From e445000ba10e9dc8c3cf55c686a9469658cf36c5 Mon Sep 17 00:00:00 2001
From: allenphilipj <allenphilipj@users.noreply.github.com>
Date: Thu, 4 Jun 2026 11:52:35 +0100
Subject: [PATCH] Fix GroupedLinear FP8 graph weight update flag

Signed-off-by: allenphilipj <allenphilipj@users.noreply.github.com>
---
 transformer_engine/pytorch/module/grouped_linear.py | 11 ++++++++++-
 1 file changed, 10 insertions(+), 1 deletion(-)

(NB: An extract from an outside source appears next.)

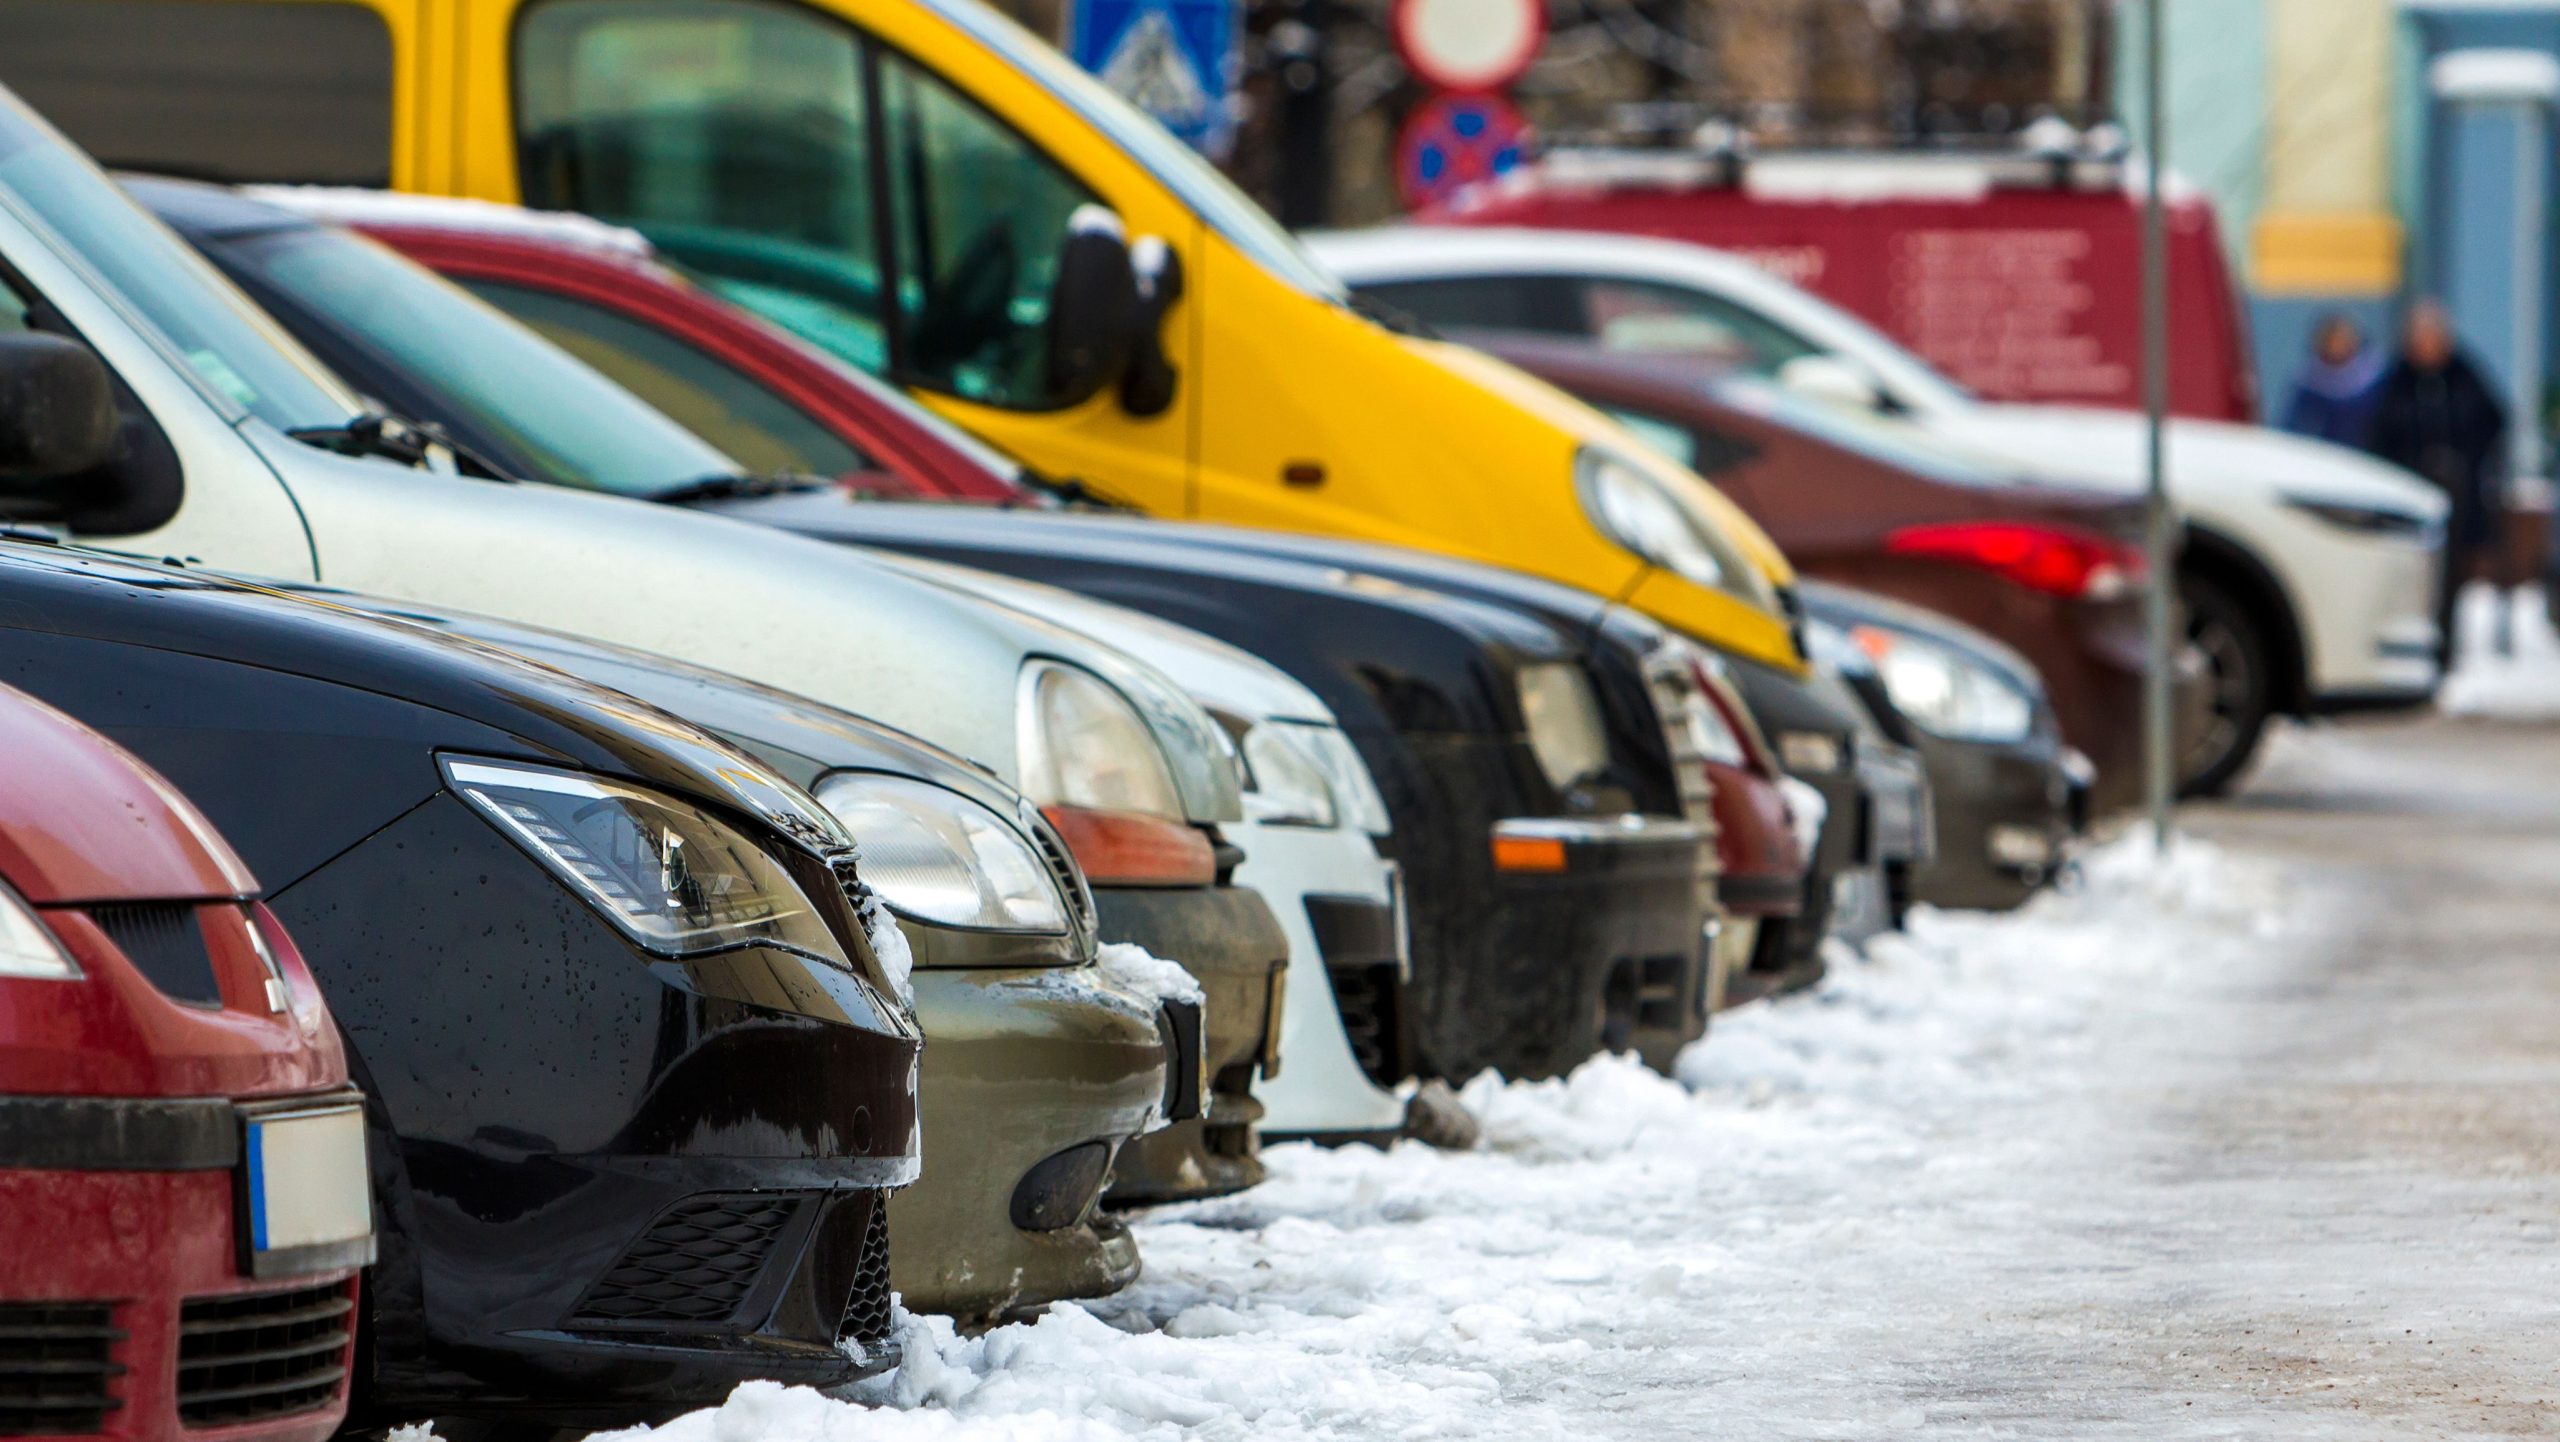 snowy car park with cars

diff --git a/transformer_engine/pytorch/module/grouped_linear.py b/transformer_engine/pytorch/module/grouped_linear.py
index 15ec3fe322..c1d45511df 100644
--- a/transformer_engine/pytorch/module/grouped_linear.py
+++ b/transformer_engine/pytorch/module/grouped_linear.py
@@ -1696,6 +1696,15 @@ def forward(
                 f"does not match number of GEMMs ({num_gemms})."
             )
 
+        if FP8GlobalStateManager.fp8_graph_capturing():
+            skip_fp8_weight_update = (
+                FP8GlobalStateManager.quantization_state.skip_fp8_weight_update_tensor
+            )
+        else:
+            skip_fp8_weight_update = None
+        if skip_fp8_weight_update is not None:
+            is_first_microbatch = False
+
         # Preprocess input tensor
         if isinstance(inp, QuantizedTensorStorage):
             raise TypeError("GroupedLinear doesn't support input tensor in FP8.")
@@ -1754,7 +1763,7 @@ def forward(
                 is_grad_enabled,
                 weight_workspaces,
                 cache_weight,
-                None,  # skip_fp8_weight_update
+                skip_fp8_weight_update,
                 self.save_original_input,
                 debug,
             )